Well that depends on what happens next.  Rumours abound that Johnson is about to get a deal and ride into a November election on a wave of adulation, or at least relief.  This seems to me over-optimistic in the extreme. 

First, it is almost impossible to see why the EU might suddenly decide to help Johnson out of a hole of his own making, but even if he did come up with some patched up May-lite contortion, the Parliamentary arithmetic means that there is no more of a majority in Parliament for a Johnson deal that for the previous version. 

Even if he jettisons Northern Ireland and manages to hold on to the DUP – which is hard to imagine – Johnson would still need also to retain the support of the remaining twenty former Tories he just expelled, and the ERG, and even then persuade a few Labour MPs to bring him home. It seems so inconceivable that this surely cannot be the plan. 

Instead, maybe all this talk of a deal is really only a further framing of a people versus Parliament election: “I offered you Brexit, but those politicians blocked it.  So now give me the power to deliver it for the people.” 

But this too would be a massive risk.  A general election might follow one of two patterns.

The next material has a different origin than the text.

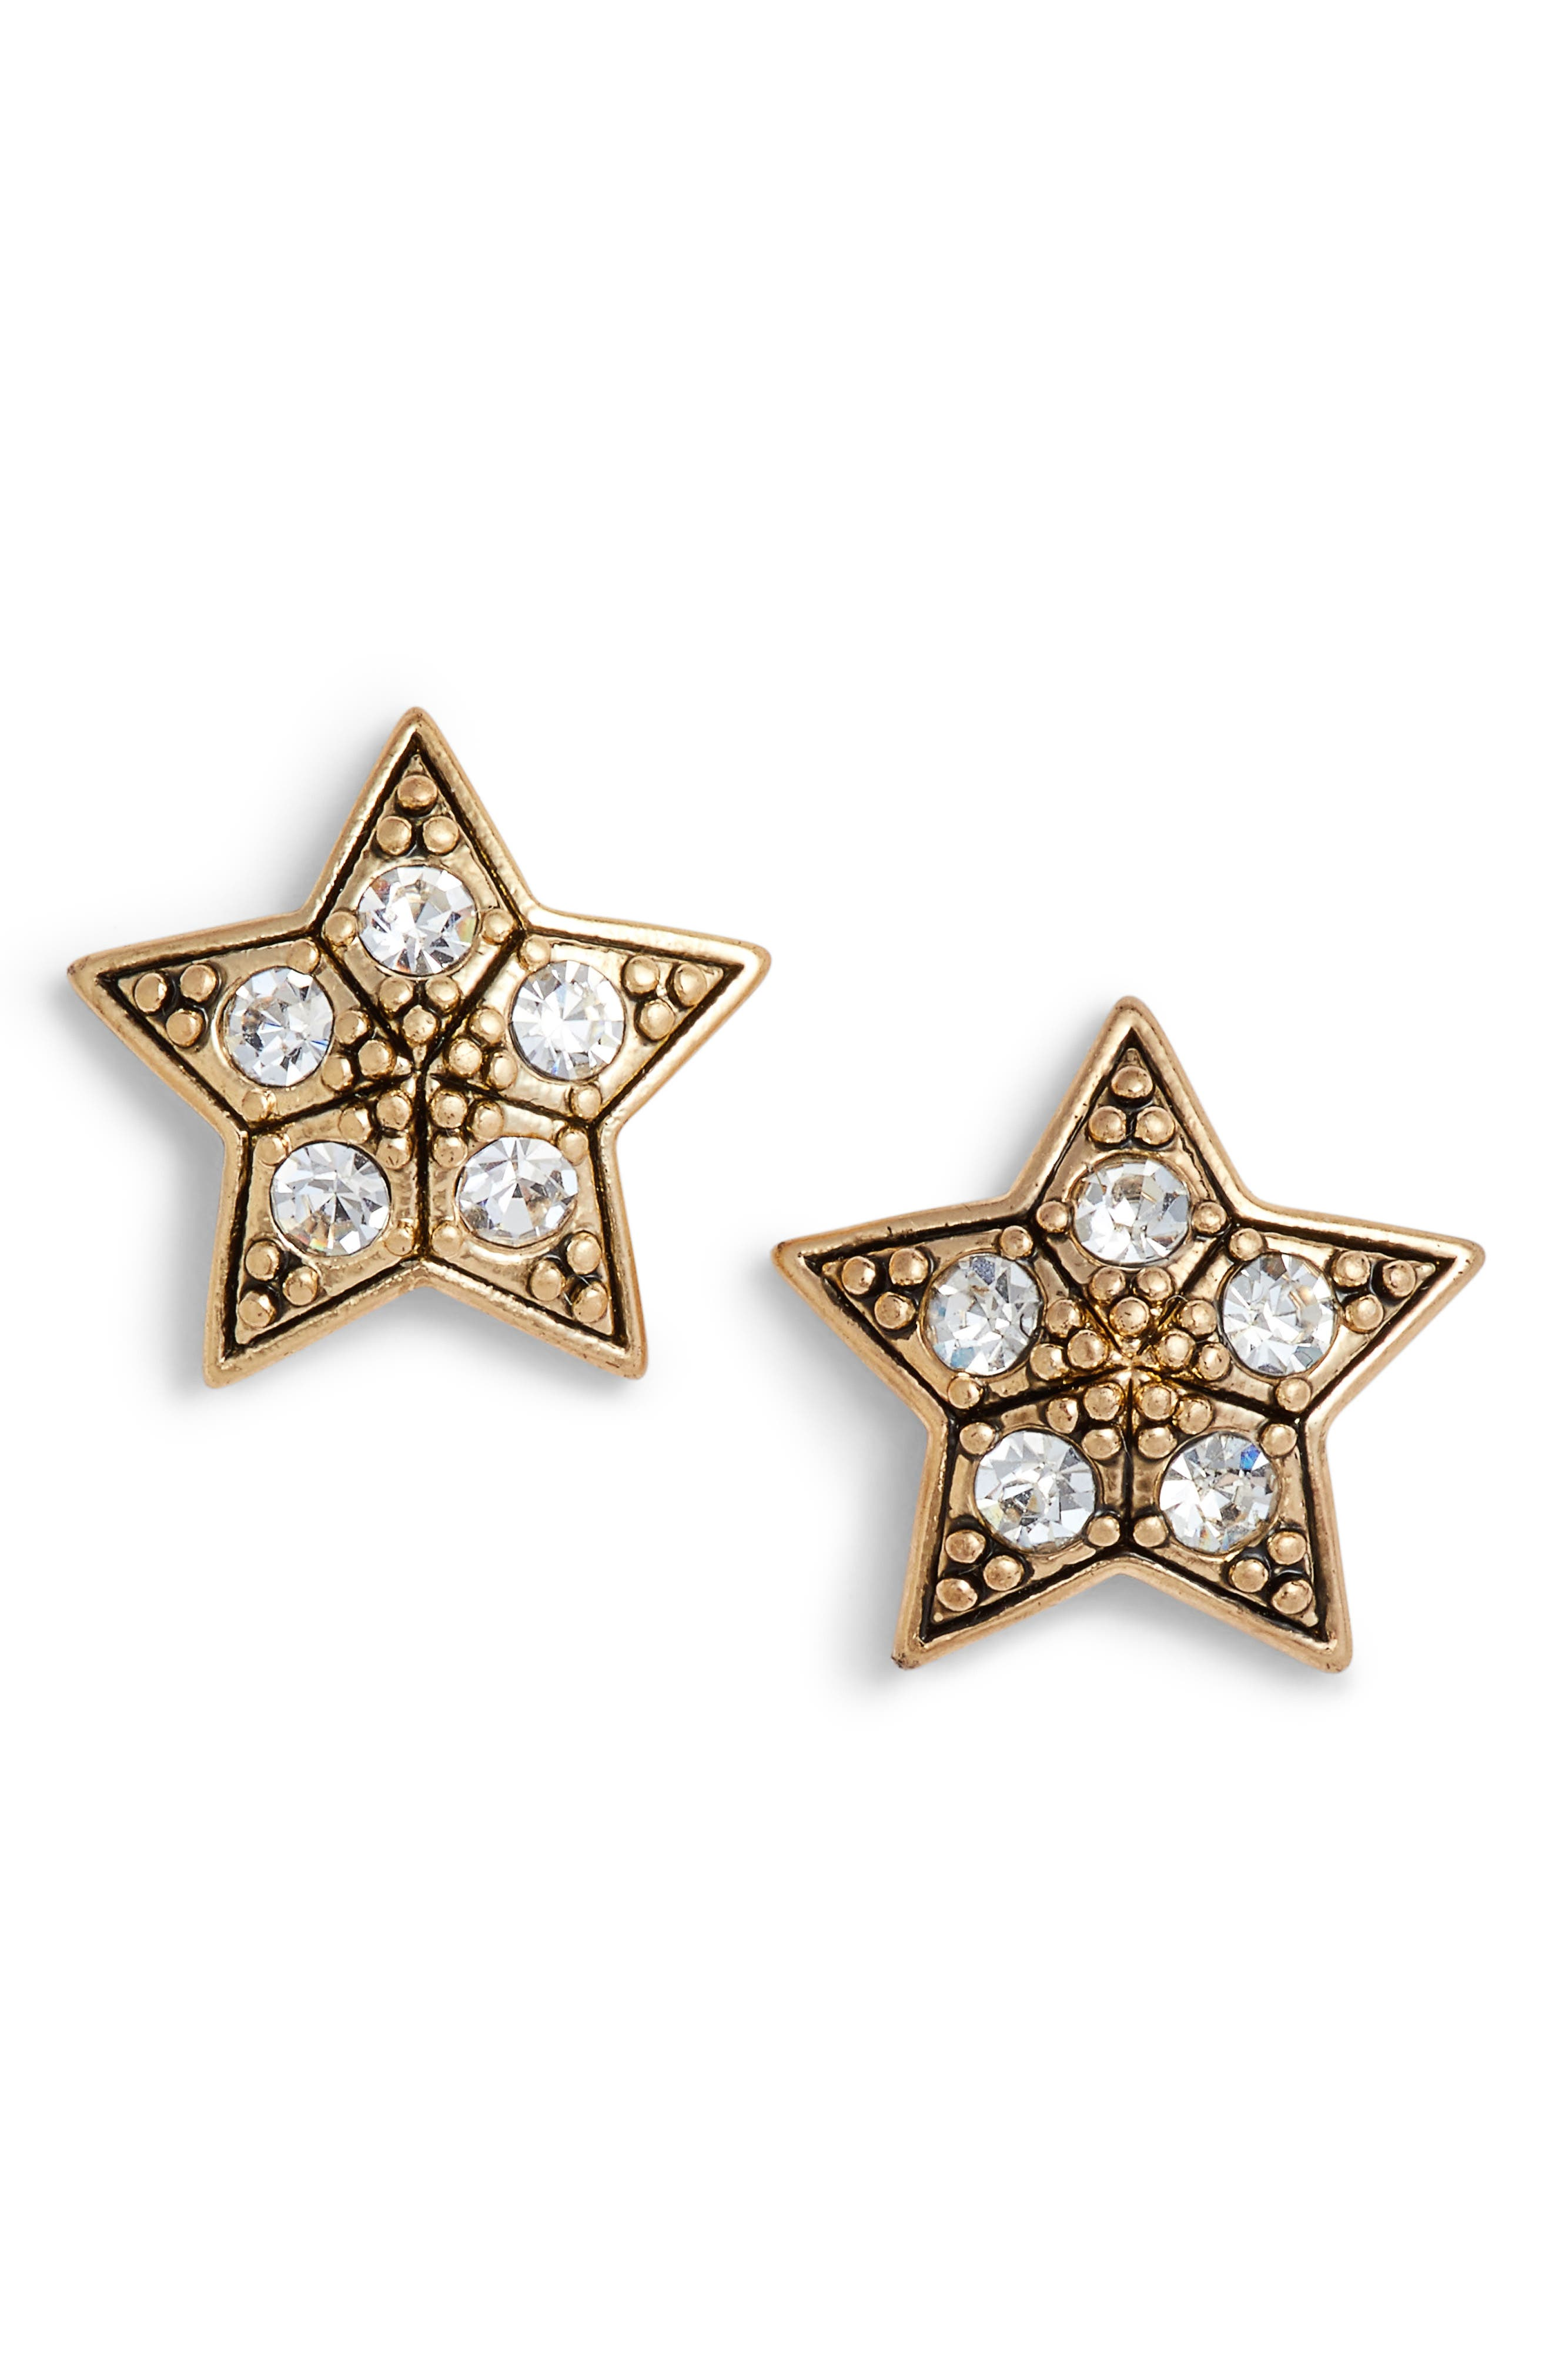 Main Image - Jenny Packham Star Stud Earrings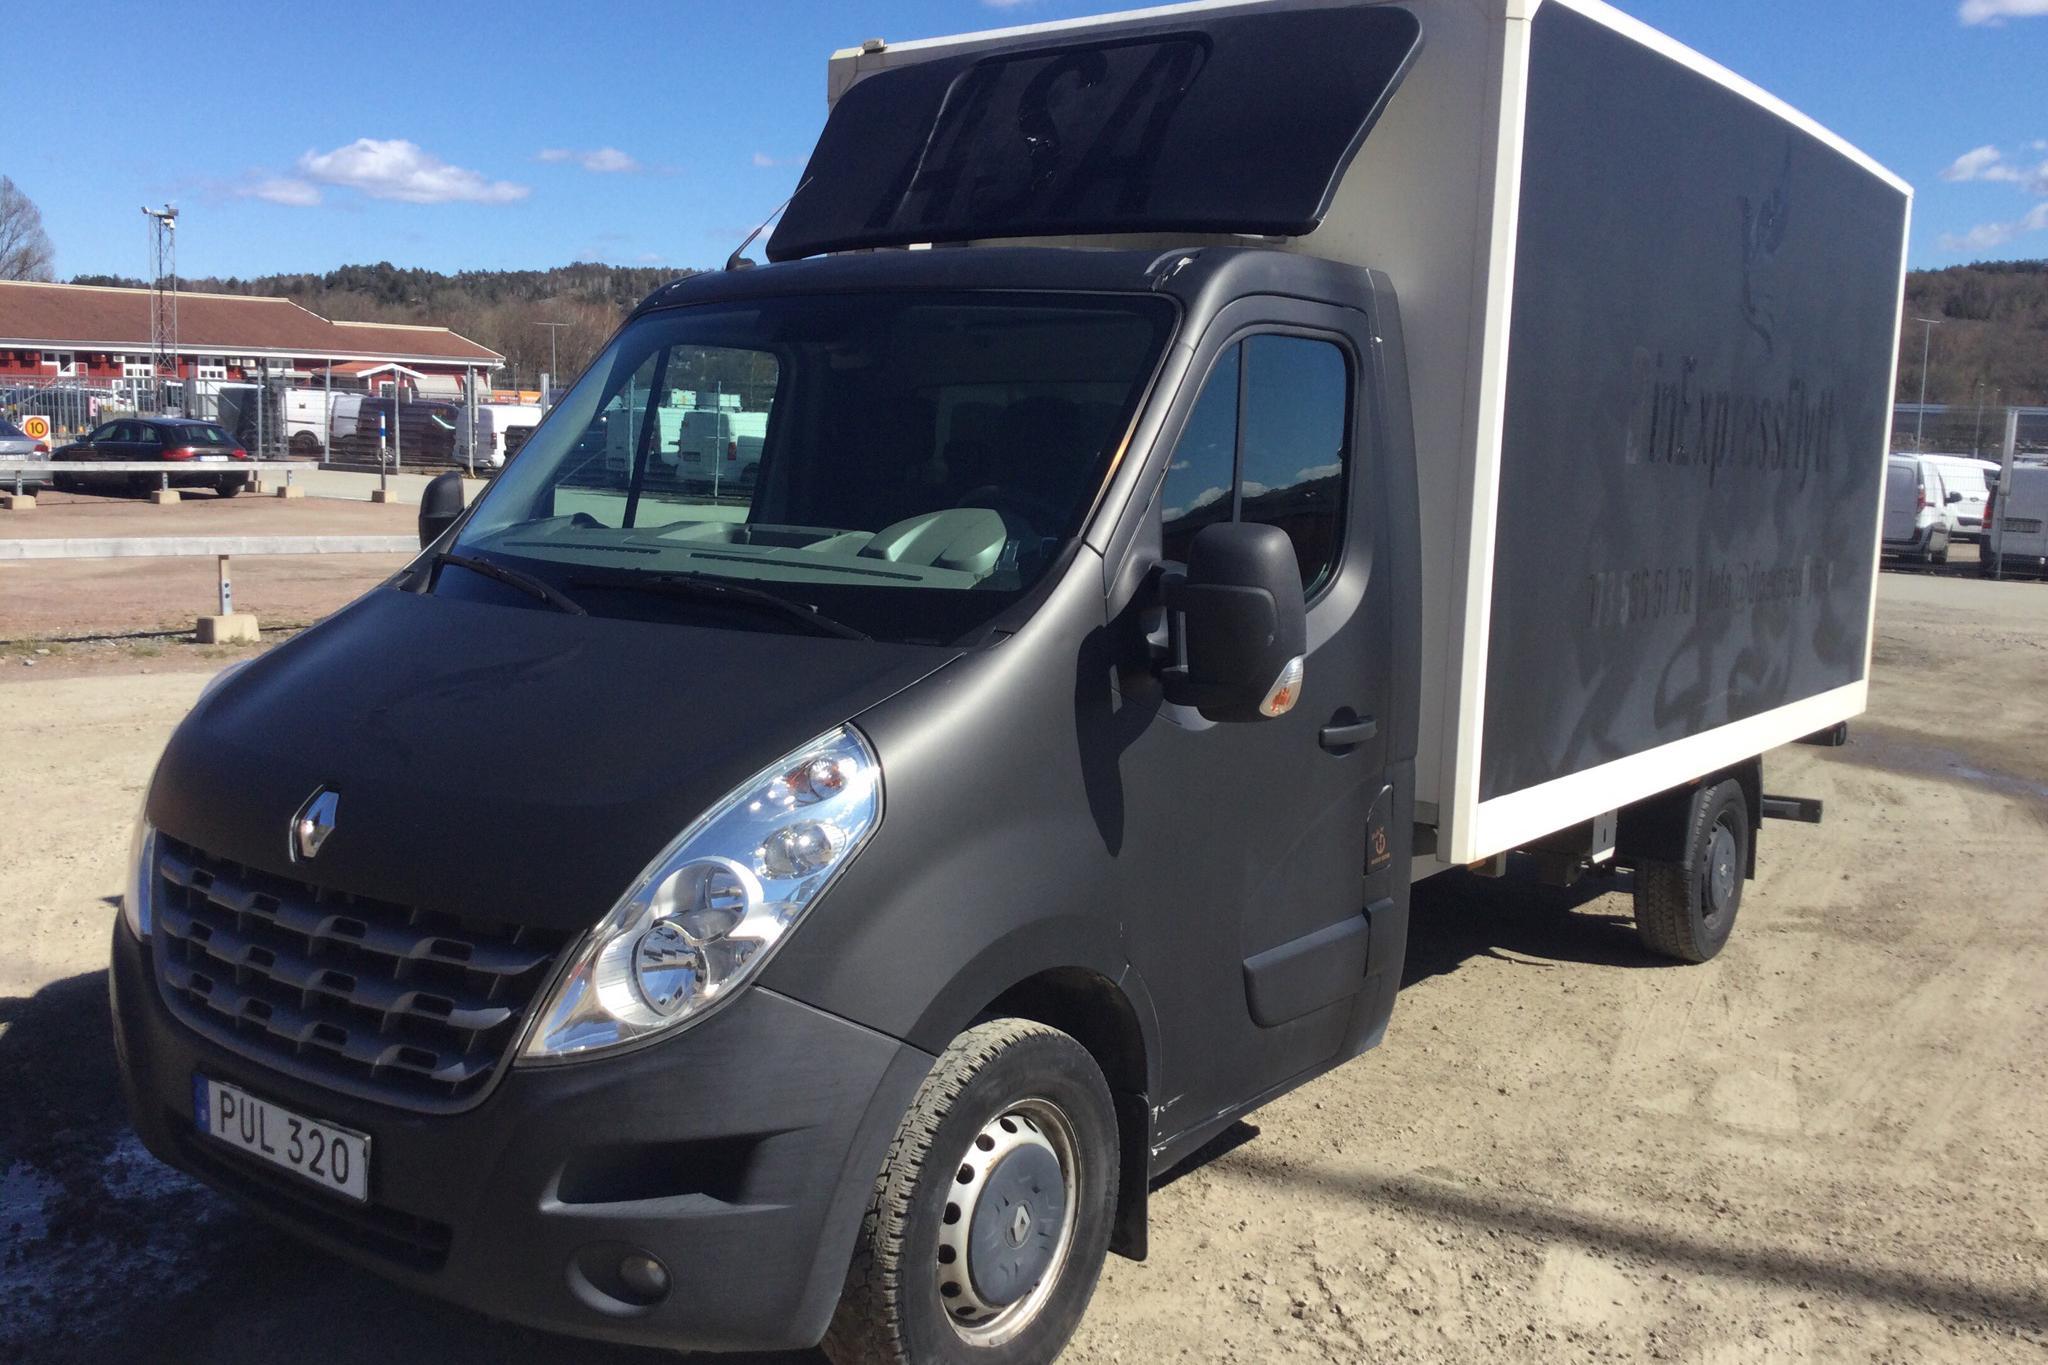 Renault Master 2.3 dCi Volymskåp 2WD (150hk) - 124 090 km - Automatic - 2014

The traditional model is that during the first week or so of a general election, the Lib Dem poll rating rises as the electorate is reminded of the party’s existence.  Then, in the second or third week, they cease to be shiny and new and media attention switches elsewhere and their progress stalls. 

Then, in the final ten days, voters focus in on who they actual want as their Prime Minister – or more accurately whom they most want to stop – and they revert to one or other of the two main parties for fear of something worse.  The Conservative model assumes that overwhelmingly, that ‘something worse’ is Jeremy Corbyn and they return with a comfortable majority able to do whatever they like.

But this time there is a second perfectly credible scenario.  Again, it assumes that in the first two weeks, the Lib Dems gain from media attention, but this time, with the polls so much closer than in previous  elections, they push up to Labour.  The current choice between Johnson and Corbyn – where consistently voters prefer ‘don’t know’ – widens to include Jo Swinson, who looks by comparison, young, fresh and relatively normal. 

The Lib Dems are buoyed by further defections and Ken Clarke makes good on his hints that he too will lend the Lib Dems his vote, bringing with him many remaining one nation Conservatives.  Maybe Heseltine and Major also say they cannot vote for Johnson.

As the Lib Dems continue to make progress, the threat of a Corbyn-led Labour government recedes and the voters instead feel able to choose between Boris and Jo – two politicians deserving of first name terms.  Rather than the final week squeeze the Lib Dem momentum grows and who knows how far that might take them.

The second scenario is not of course what has ever previously happened in British politics, but it very nearly did at the height of Cleggmania, against two far more credible Prime Ministerial opponents in Brown and Cameron. 

And we are living in unprecedented times. 

Would you bet your house against it?